As the best paper of CVPR2016, He Keming's article "1" aimed at the problem of the SGD optimization caused by the deep network gradient dispersion, proposed the residual (residual) structure, and solved the model degradation problem in 50, 101-layer, 152-or even 1202-layer network testing has been very good results.
The error rate applied to ResNet is significantly lower than in other mainstream depth networks (Figure 1)
Figure 1. ResNet network model of Champions network on ImageNet15
One obvious fact is that the deeper the network is, the stronger the ability to express it. However, as the depth of the increase, gradient dispersion of the phenomenon more obvious, resulting in SGD can not converge, the final precision is reduced (Fig 2)
Fig. 2. Conventional 56-tier networks are more accurate than 20-tier networks for both training and testing
To solve this problem, a residual (residual) structure is proposed, which can maintain a good training effect for more than 1000 layers of network (although it has been proposed at this time).
Fig. 3. The residual structure directly inputs x into the output, equivalent to introducing an identity map
As shown in Figure 3, assuming that the original network is going to learn a function of h (x) H (x), the author decomposes it into h (x) =f (x) +x h (x) =f (x) +x.
After decomposing the original network (Figure 3 vertical downward flow) fitted F (x) f (x), Disk branch (Fig 3 Curved shortcut connection)

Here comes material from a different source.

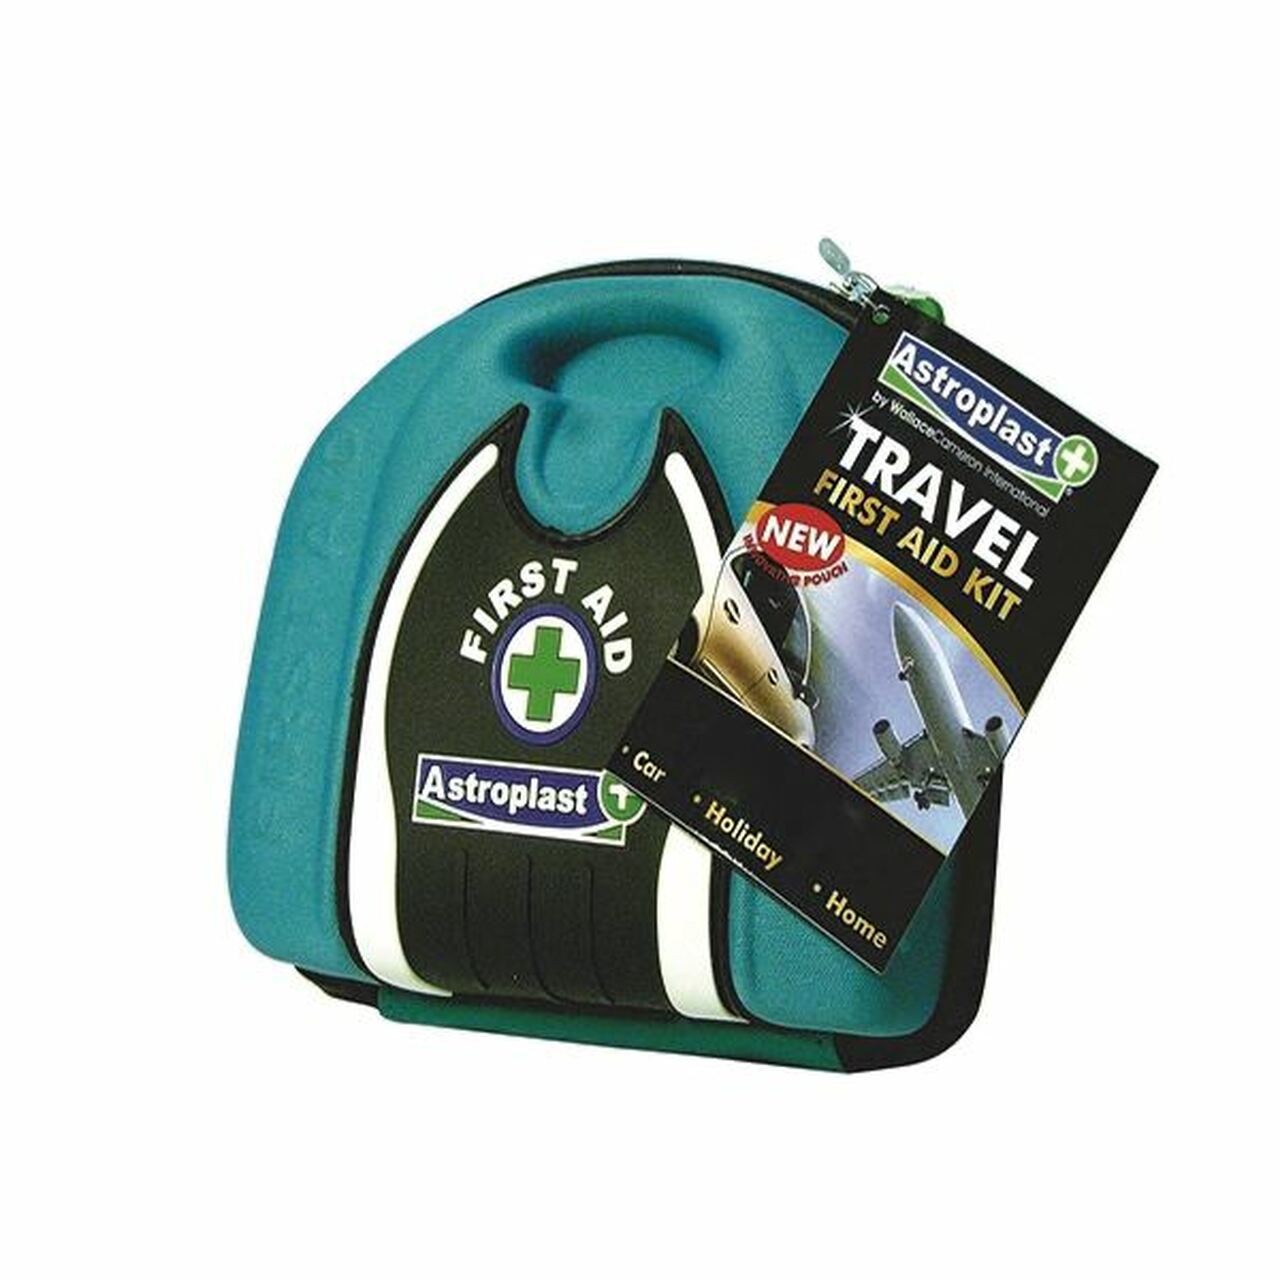 Astroplast Travel First Aid Kit Pouch

Figure 4 The network structure for adding residuals to the VGG-19, 34-tier common network and 34-tier
Figure 4 Compared to the normal network, resnet only needs to increase the shortcut connection (the dotted line is to multiply the number of channels by 2)
The author's experiment shows that the residual structure needs more than 2 layers to be effective, and the linear transformation represented by Ws w_s in the following type is only the dimension of unified input and output, which is not helpful to improve the training effect.

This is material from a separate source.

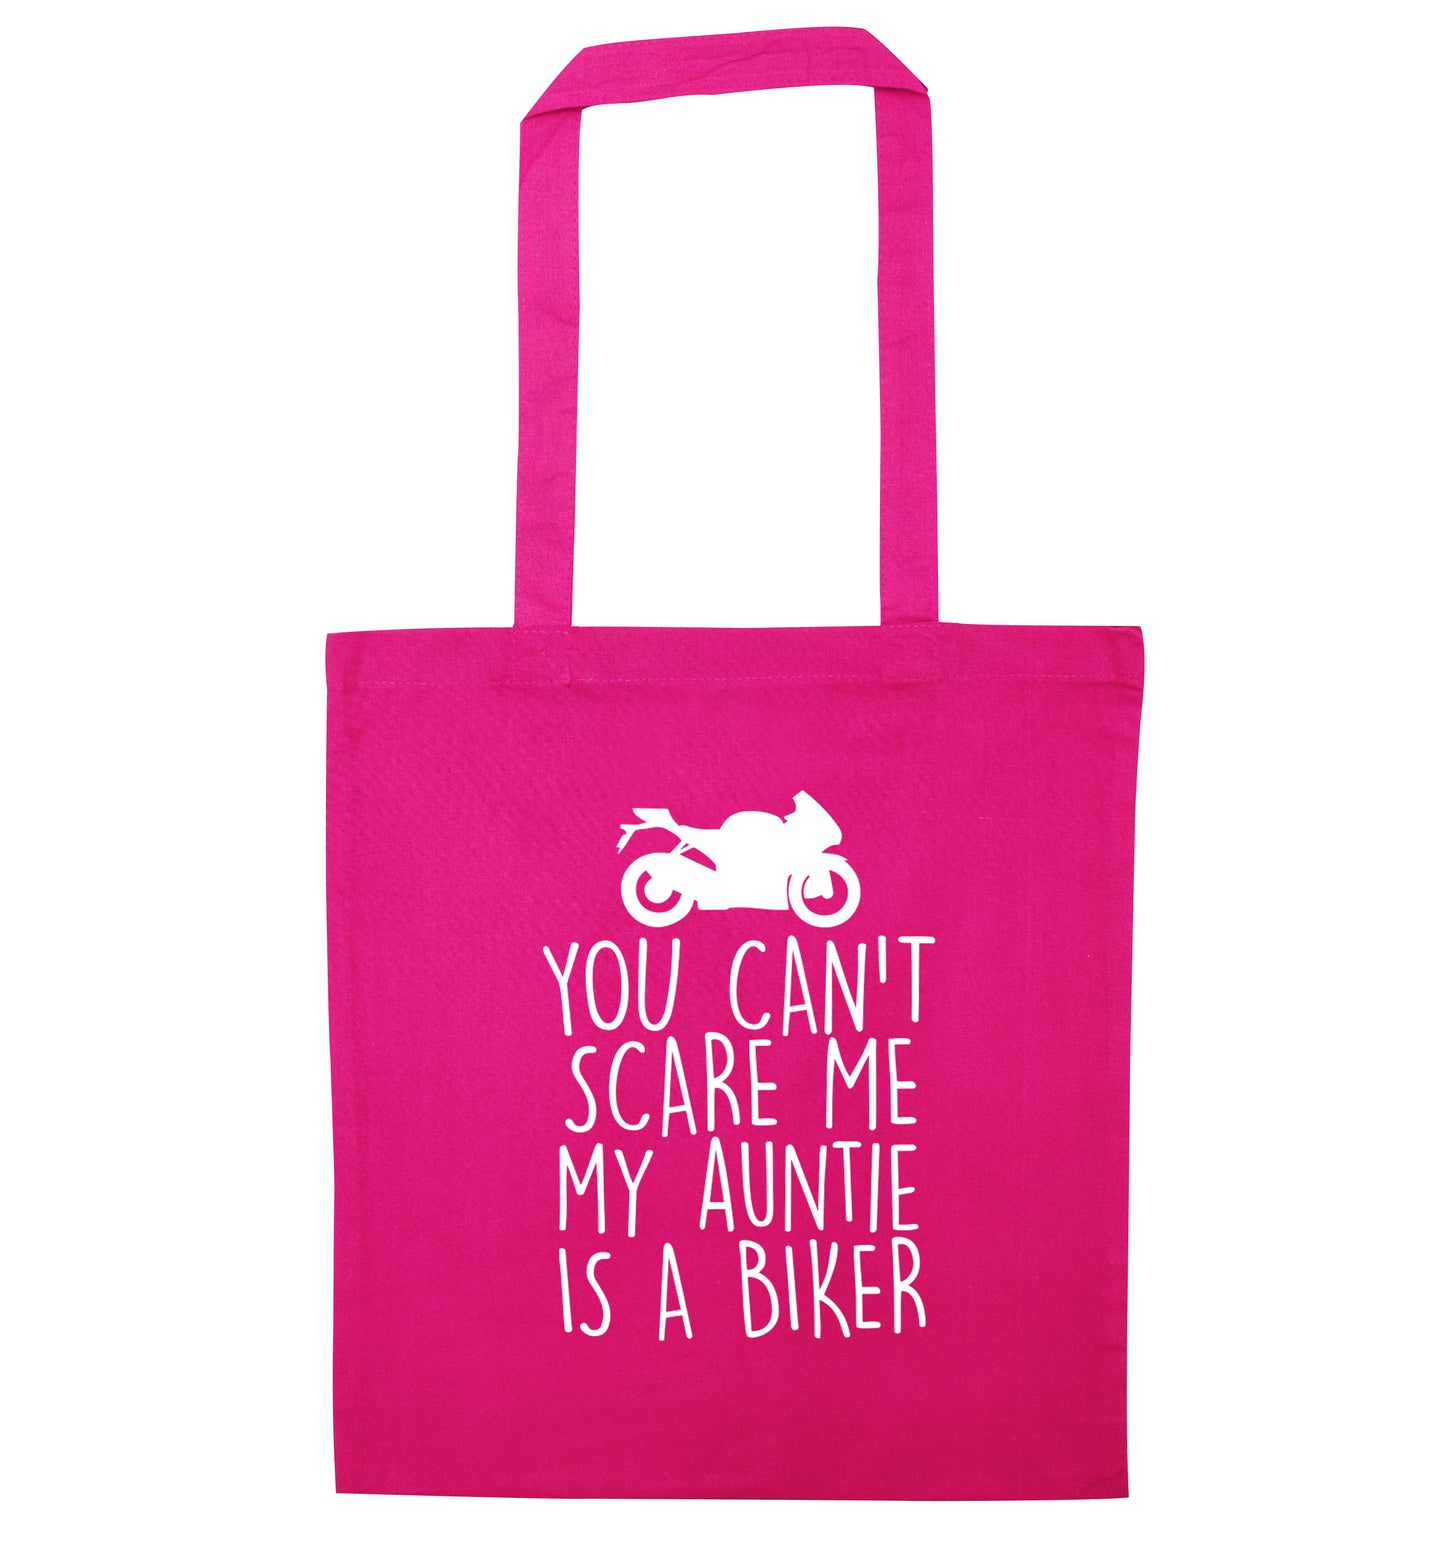 You can't scare me my auntie is a biker pink tote bag

Y=f (X,WI) +wsx y=f (x,{w_i}) +w_sx
Fig. 5 is the experimental effect of the author using resnet
Figure 5. ResNet Network (right) and normal network (left) training error why ResNet work
Two questions need to be answered: First, why it is decomposed into H (x) =f (x) +x h (x) =f (x) +x (the actual optimization is f (x) =0 f (x) =0), and the second is why the decomposition can solve the problem of gradient slack
for the first question , the author does not explain the principle, but through experiments to prove that it is optimal. The answer to the question of why X instead of 0.5x or another is: "Practice finds that machine learning to fit (target function) function f (x) is often very close to the same mapping function." "But I can't understand.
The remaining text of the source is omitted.